August 5, 2011
Opinions, Oregon

County’s decision should stand

By James M. Burns, East Oregonian, www.eastoregonian.com 5 August 2011

I am a member of Blue Mountain Alliance, which has been fighting the siting of wind tower generation facilities on the face of the Blues.

In 1972 I was on the Milton-Freewater Planning Commission and spent eight years with the rest of the planning commission writing the Milton-Freewater Comprehensive Plan and the Development Ordinances to implement that plan.

Upon completion of that plan I moved into the county (Umatilla), and was approached by the Umatilla County Commissioners to serve on the Umatilla County Planning Commission and get their comprehensive plan started, as the planning commission had not started work on it yet.

I spent 12 years with many good people that came on the planning commission to write the Umatilla County Comprehensive Plan and Development Ordinances to implement that plan.

Since then I have served on several committees to update those plans.

When we wrote those plans we had help from Thousand Friends of Oregon on many of the legal, moral and common sense decisions that were required by state statutes.
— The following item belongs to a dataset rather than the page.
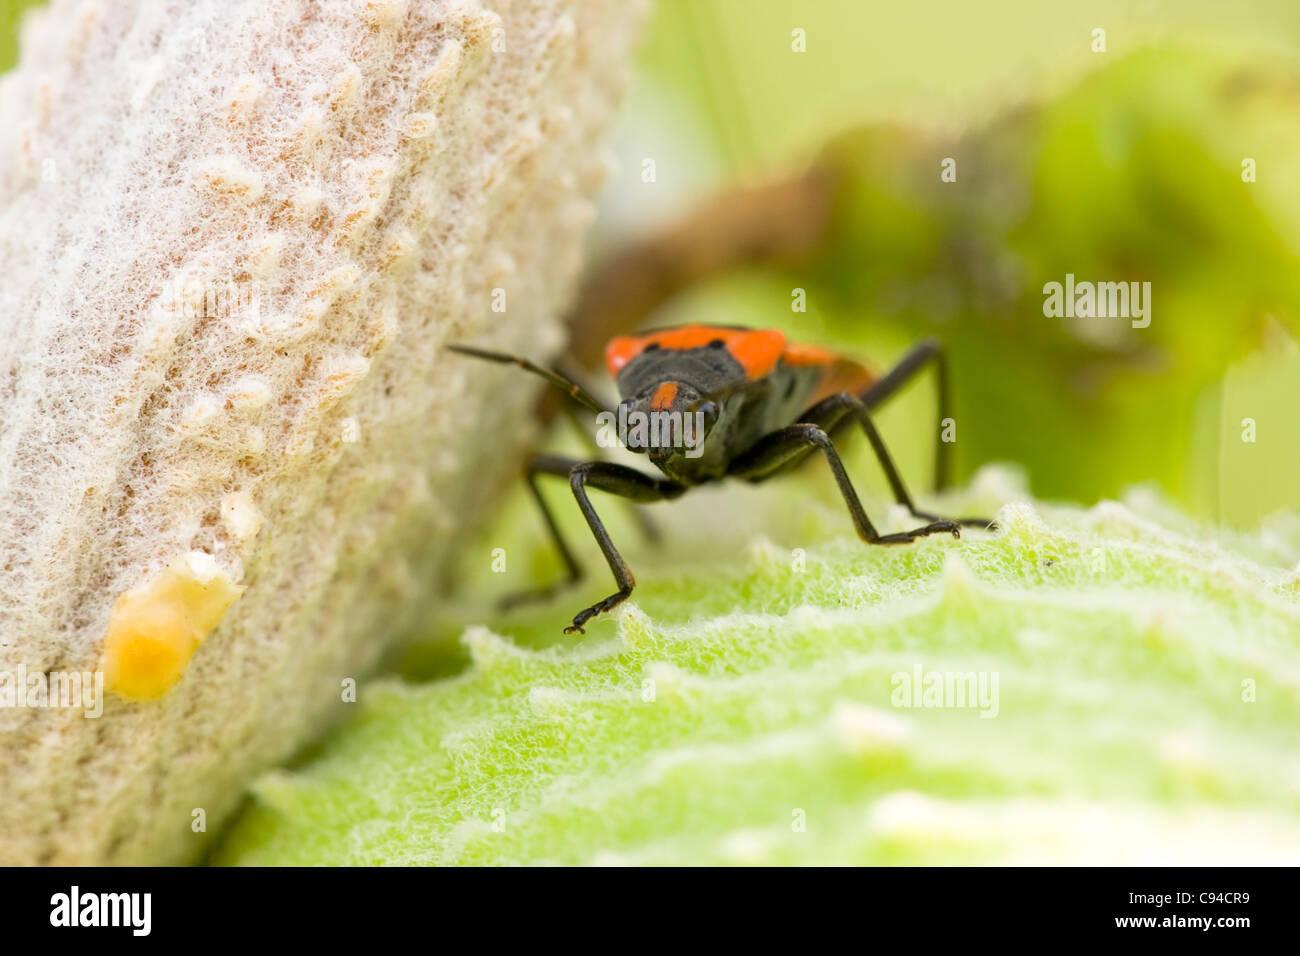 Small Eastern Milkweed Bug (Lygaeus turcicus) on a Common Milkweed (Asclepias syriaca) plant. Stock Photo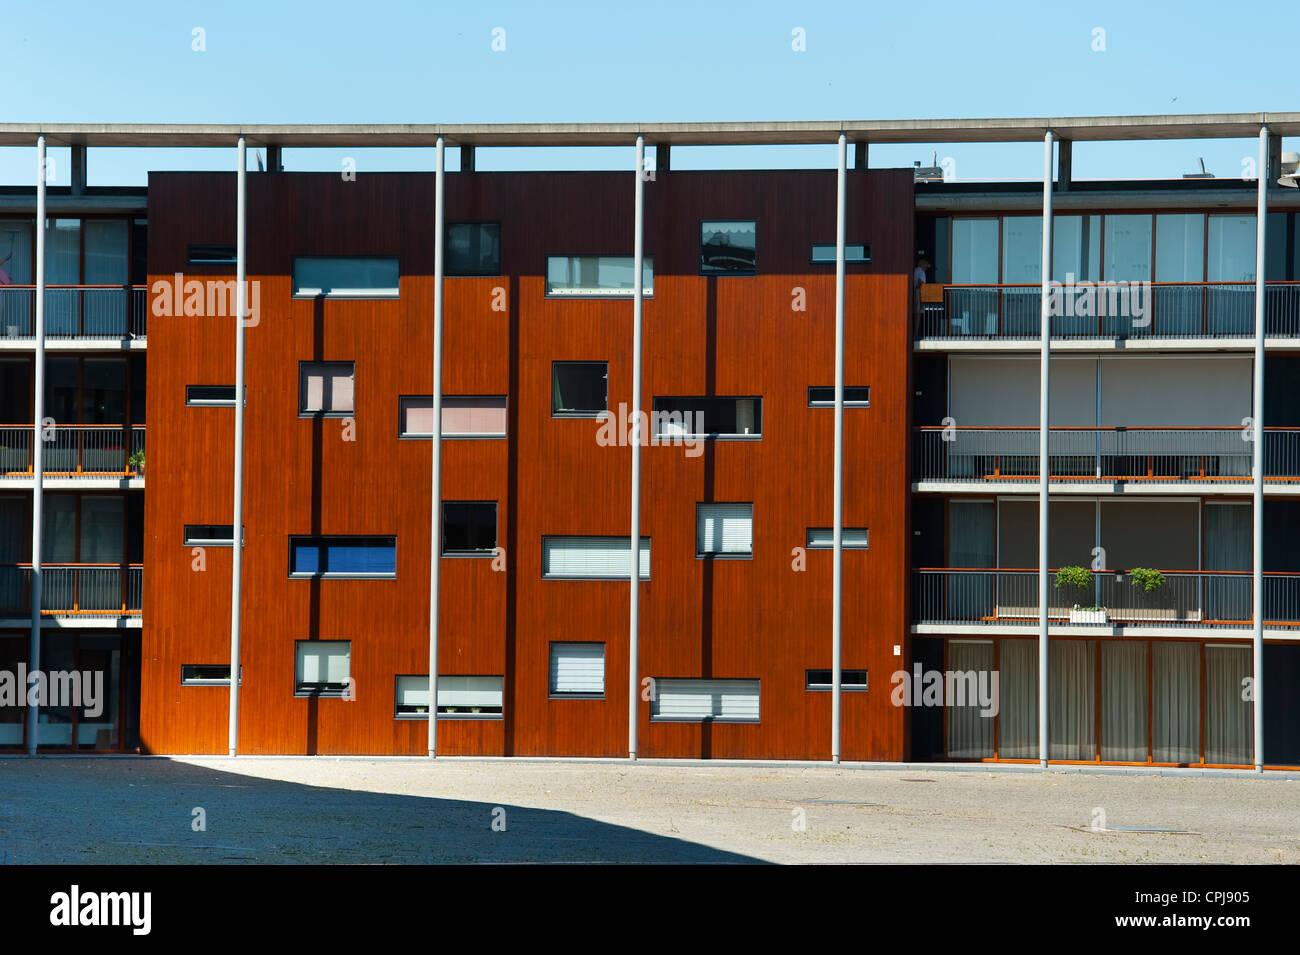 Contemporary Houses In ´herdenkingsplein´ Square Stockfotos ...

We were to look at not individual rights first, but the rights of the majority, what was best for the people of Umatilla County as a whole. We did not look at the financial gains of a few if it was not good for the majority or it hindered the rights of the whole.

The wish of the citizens of Oregon when they passed land use law was that individual rights were given up for the good of all. You could not hinder your neighbors’ rights with what you wished to do.

People understood these rules and regulations. There were hundreds of meetings all over the county so that people could voice their opinion – and their opinion was that people could not benefit from deriving a benefit on the backs of their neighbors.

Since then I have watched this law be butchered, beaten and slashed to pieces by the different state legislators, the courts, the governors, Land Conservation and Development Commission and Land Use Board of Appeals. Today it has turned around and those with money can buy any part of the government they want, and are doing it on the backs of those that suffer from what they develop.

The first rule that has been trampled into the dirt was the most important part of the original land use law: the protection of farm ground and forest ground. There is no way you can prove or justify the placement of huge wind towers on farm ground. They are not a farming practice. They provide no type of farm product. They are not green energy and they are the most inefficient alternative energy source on this planet. They cannot stand on their own, they are dependent on hydro power to be able to even provide power. Without hydro power, which they do not even appreciate by their actions over the last several months, they would have to build a dirty (not green) natural gas electric power plant so they could generate the little power they do generate. They are only 18 to 22 percent efficient. They need around 3,000 acres of farm ground for 65 turbines. We could be putting solar panels on that same 3,000 acres and provide more power than all the turbines that are presently in this state today. The price savings would be astronomical. By the time we have to meet the directive of 20 percent green power, each family in Oregon will be paying an additional $2,700 a year for that wind power.

At some time in this game we are playing, the state of Oregon must start protecting the fish and wildlife of this state. There is a study done here in ODFW in Union County that showed in two years that 65 to 75 percent of deer and elk would not winter where the wind towers were running. The whole face of the Blue Mountains is a wintering area for thousands of deer and elk. These animals would all move up into the high mountains and would soon be extinct from winter kill. The Walla Walla River has one endangered fish, the bull trout, and two listed fish, steelhead and salmon. There is no way that wind towers can be put on the face of the Blues without increasing the turbidity runoff into the Walla Walla River and its tributaries that would kill thousands of the above-listed fish. Wind towers need to be banned from ever moving onto and into the Blue Mountains.

So now LUBA has the power to change all the mistakes that have been done to the citizens of this state and start making decisions that was the original intent of the land use laws. The citizens of Umatilla County have spoken – they want wind power to no longer run rampant over the rights of those people who would have to live next to those noisy, vibrating, ugly towers. In less than 10 days 3,400 citizens of this county signed petitions that they approved what the Umatilla County Planning Commission spent almost three years and hundreds of hours developing, with hundreds of people providing input into writing this plan. If we would have had 30 days we would have had three times that many signatures.

So now it is in your hands. Will you stand with the citizens of this state and this county and protect the people who will suffer from having these built in their back yard, or will you side with the money of the wind-generating people and let them remain running over the people of Umatilla County?

I hope that LUBA does the right thing and let stand what the government of this county has decided.

James M. Burns is a resident of Weston.